Home > Blog >

Counting Triangles on the Dirt Cheap Data Warehouse

Not long ago, I stumbled upon a 2011 article from Vertica’s Stephen Walkauskas titled Counting Triangles that compared Hadoop, Hadoop/Pig, and Vertica when applied to the problem of counting triangles in a data set. Stephen was driven to write his article by a professor who said that he used Hadoop “because a database doesn’t perform the necessary joins efficiently.” Steven clearly showed that, of all the things relational databases don’t do well, joins aren’t one of them; The Hadoop solution took 65 minutes while Vertica finished in just 97 seconds – both on a four node cluster of 12-core servers.

Not long afterward, Greg Rahn published an article in response titled Counting Triangles Faster in which he used an Exadata X2-2 system from Oracle, also with four 12-core database nodes, against the same data set. Exadata was almost exactly as fast as Vertica when running the same SQL. Greg then went further and optimized the SQL, after which the query ran in just 14 seconds. Remember that Hadoop required 3900 seconds.

The lesson to be learned? Use the right tool, not the newest and shiniest one. While obvious, this lesson is often ignored by us engineers right after we learn a new skill or find an exciting tool, be it Hadoop or Haskell, Cassandra or Clojure, etc.

How does the Dirt Cheap Data Warehouse Compare?

The Exadata X2-2 half rack cost $500K when these articles were written – Oracle now offers the Exadata X3 instead, which is $475,000 for a 1/4 rack version that is likely every bit as fast. What about the $10K Dirt Cheap Data Warehouse?
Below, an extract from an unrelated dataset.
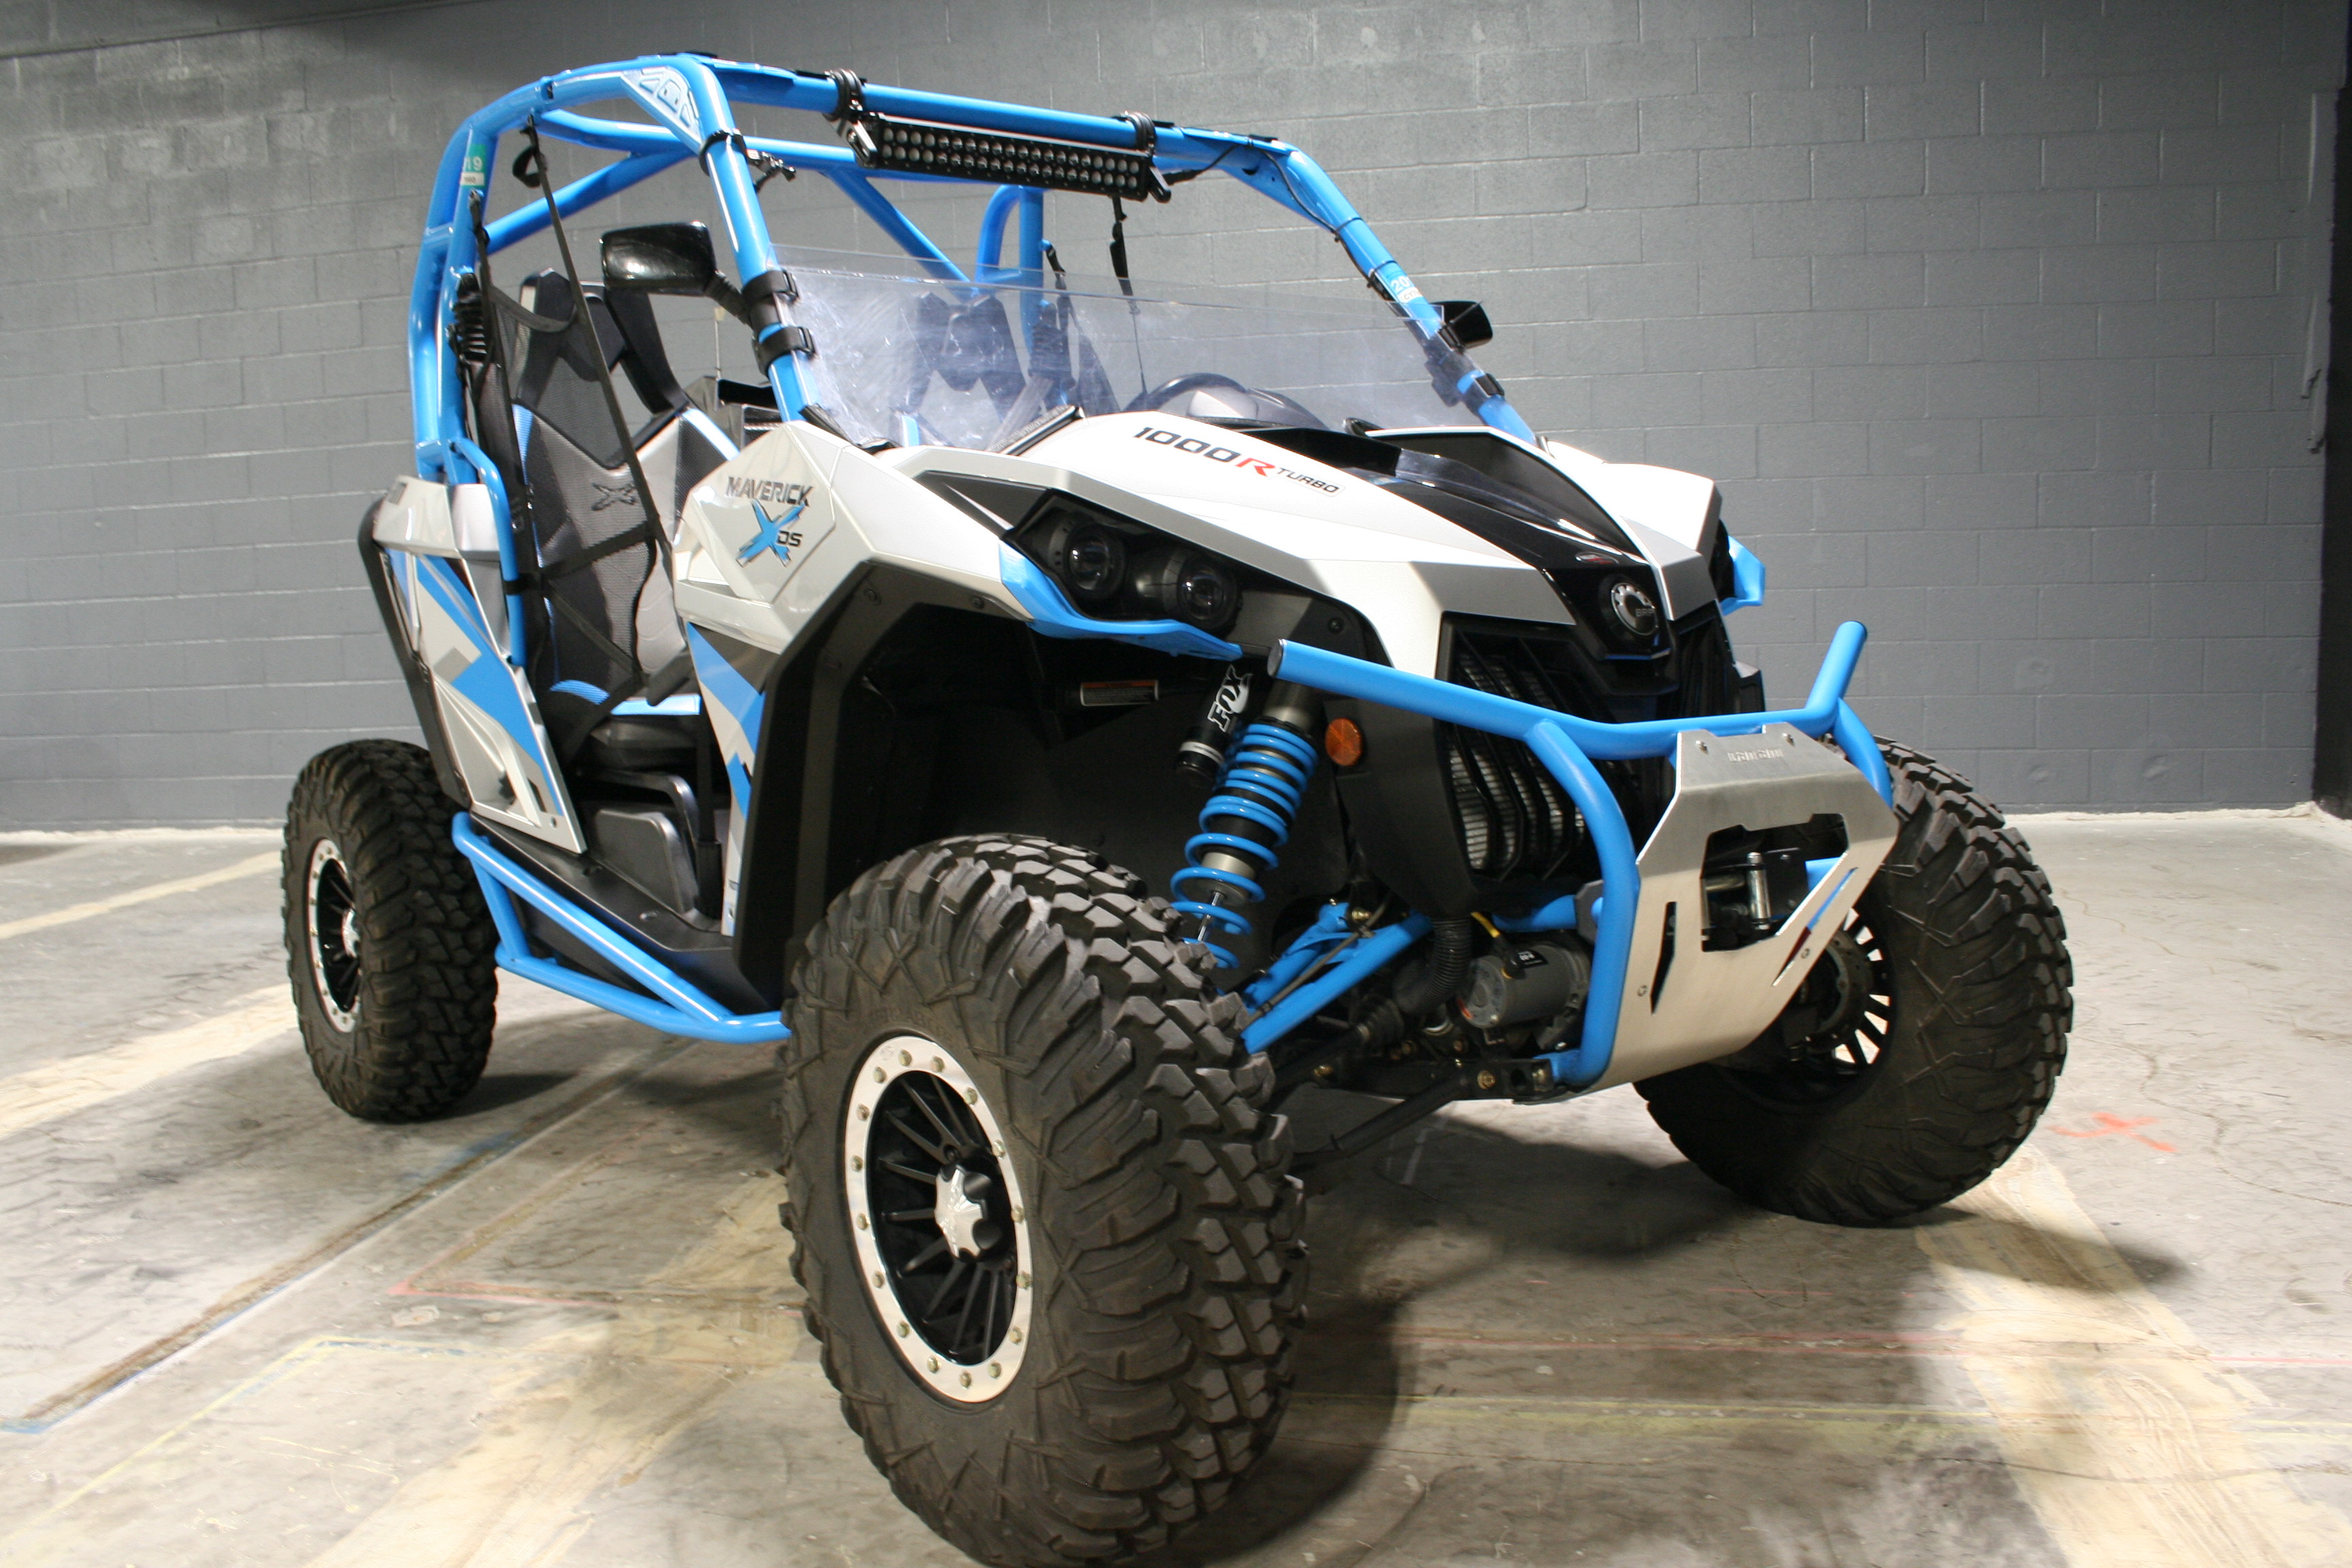 Pre-Owned 2016 Can-Am Maverick 1000R X ds TURBO UTV in Bedford #GJ003498 | Lucky Penny Cycles 2016 Can-am Maverick Max X Rs Turbo 1000r

To see for myself, I downloaded the original data and loaded it into a single-server DCDW development machine. Like the four-node Vertica cluster and the Oracle Exadata X2-2 half rack, the DCDW has 48 cores. In the case of the DCDW, however, there are four CPUs instead of eight and all of them are on one motherboard. This version of the DCDW has 256GB of RAM while the Vertica cluster had 384GB and the Exadata had, I believe, 576GB – enought run everything in memory according to Greg.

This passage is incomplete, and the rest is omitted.